TiSpark Reading KV Data OOM

Note:
This topic has been translated from a Chinese forum by GPT and might contain errors.

Original topic: tispark读取kv数据OOM

| username: TiDBer_Lee

Using TiSpark to read a 200G table, I found that TiKV encountered OOM issues and kept failing. The cluster has 6 TiKV nodes, each with 16 cores and 64GB of memory. During the reading process, the resource consumption of TiKV was unbalanced. Initially, 2 nodes were working, gradually increasing to 4 nodes, and then OOM occurred. Disk usage was not high.

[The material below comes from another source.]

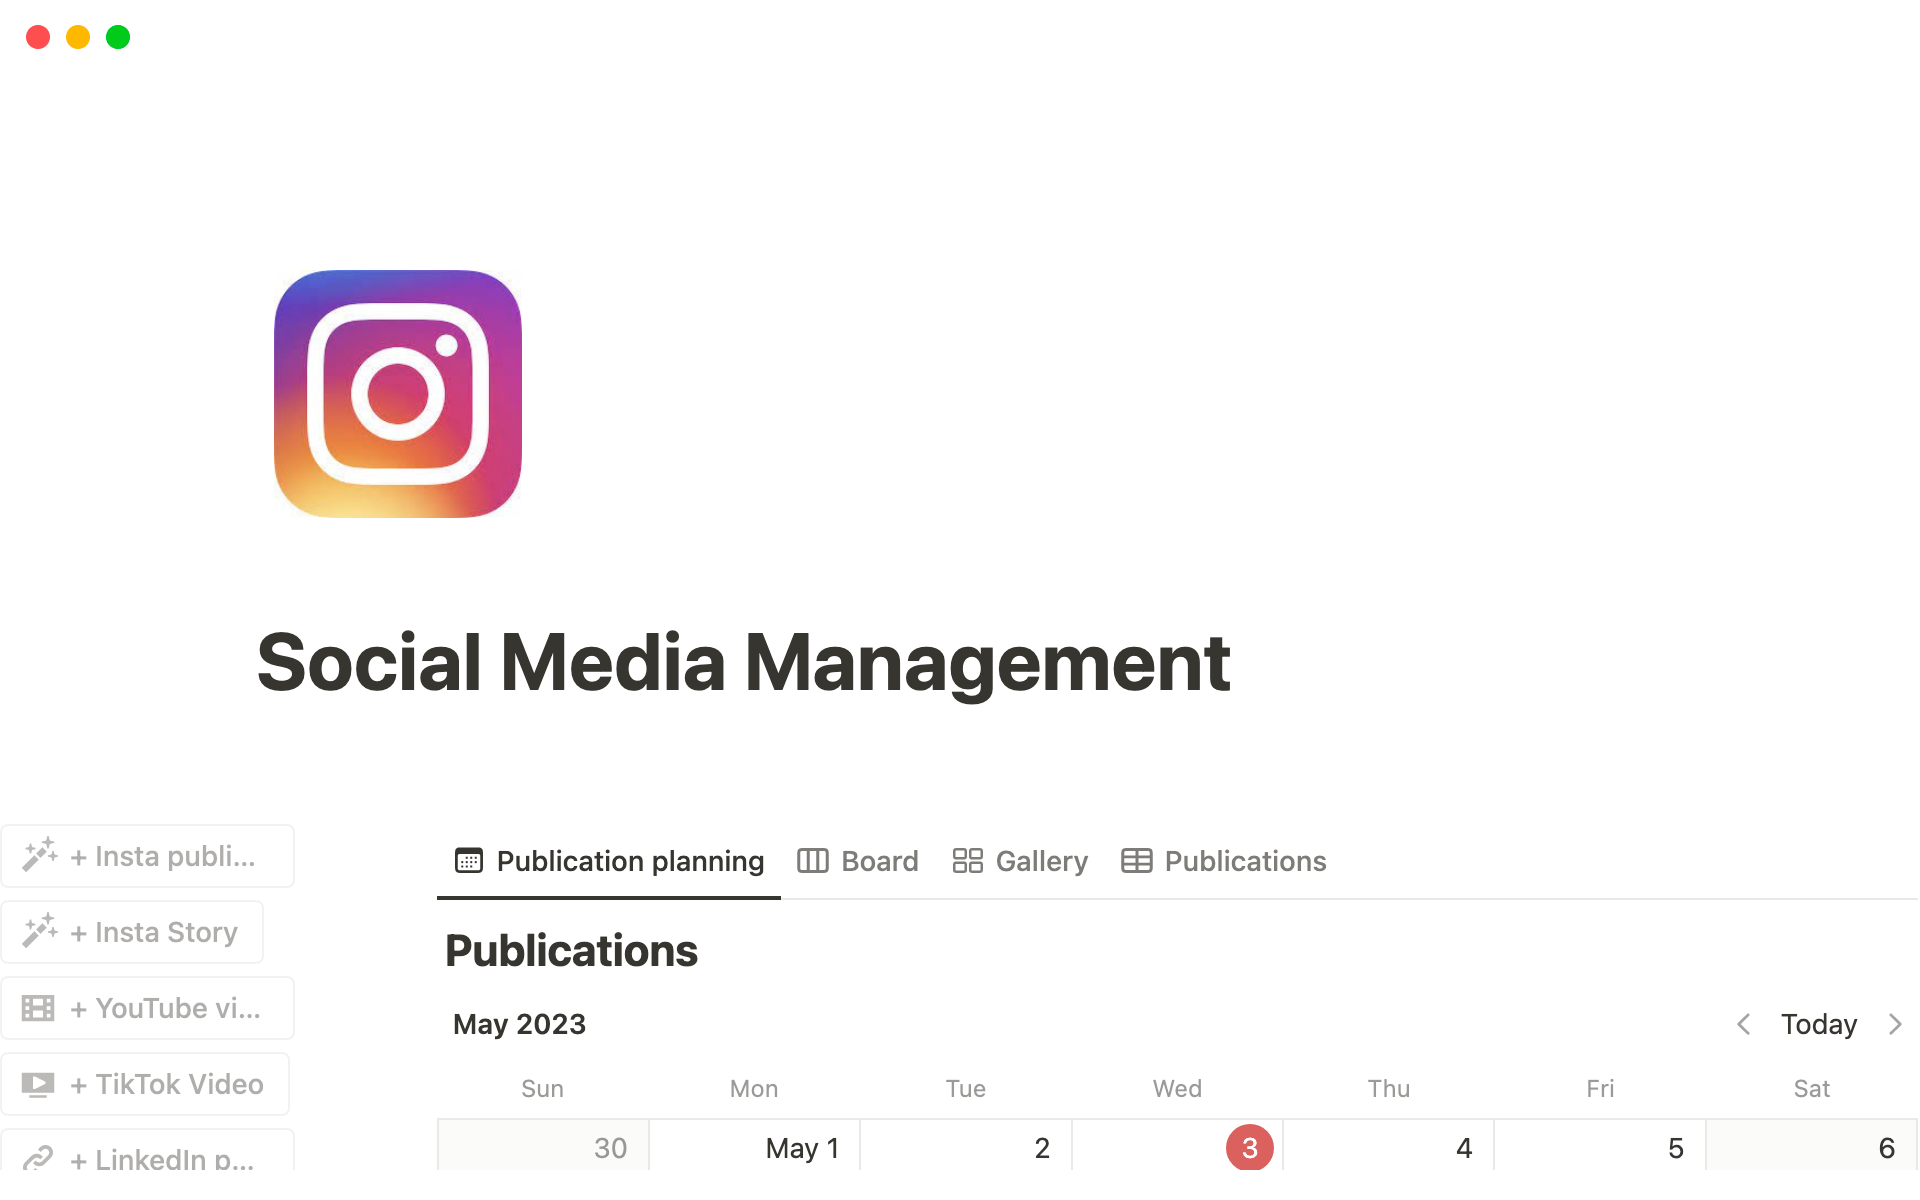 Manage all your social media contents in one place. Make sure they're ready on time for publication

I tested with another TiDB cluster, which was upgraded from version 5.1.4 to 6.5.3, and it worked fine with normal memory consumption. However, the problematic cluster was directly installed with version 6.5.3. I am not sure if the default parameter changes caused this issue. Has anyone encountered similar situations? Please help with some answers.

| username: Jellybean | Original post link

In the application scenario you described, the OOM issue at the TiKV storage layer is most likely caused by reading too much data at once, leading to the block cache being overwhelmed, or by reading a large amount of data but returning it too slowly, resulting in OOM.

First, compare and check the configuration of the two clusters, especially the block cache size configuration.

| username: redgame | Original post link

Try adjusting the memory configuration of the TiKV nodes and increasing the memory limit for each node.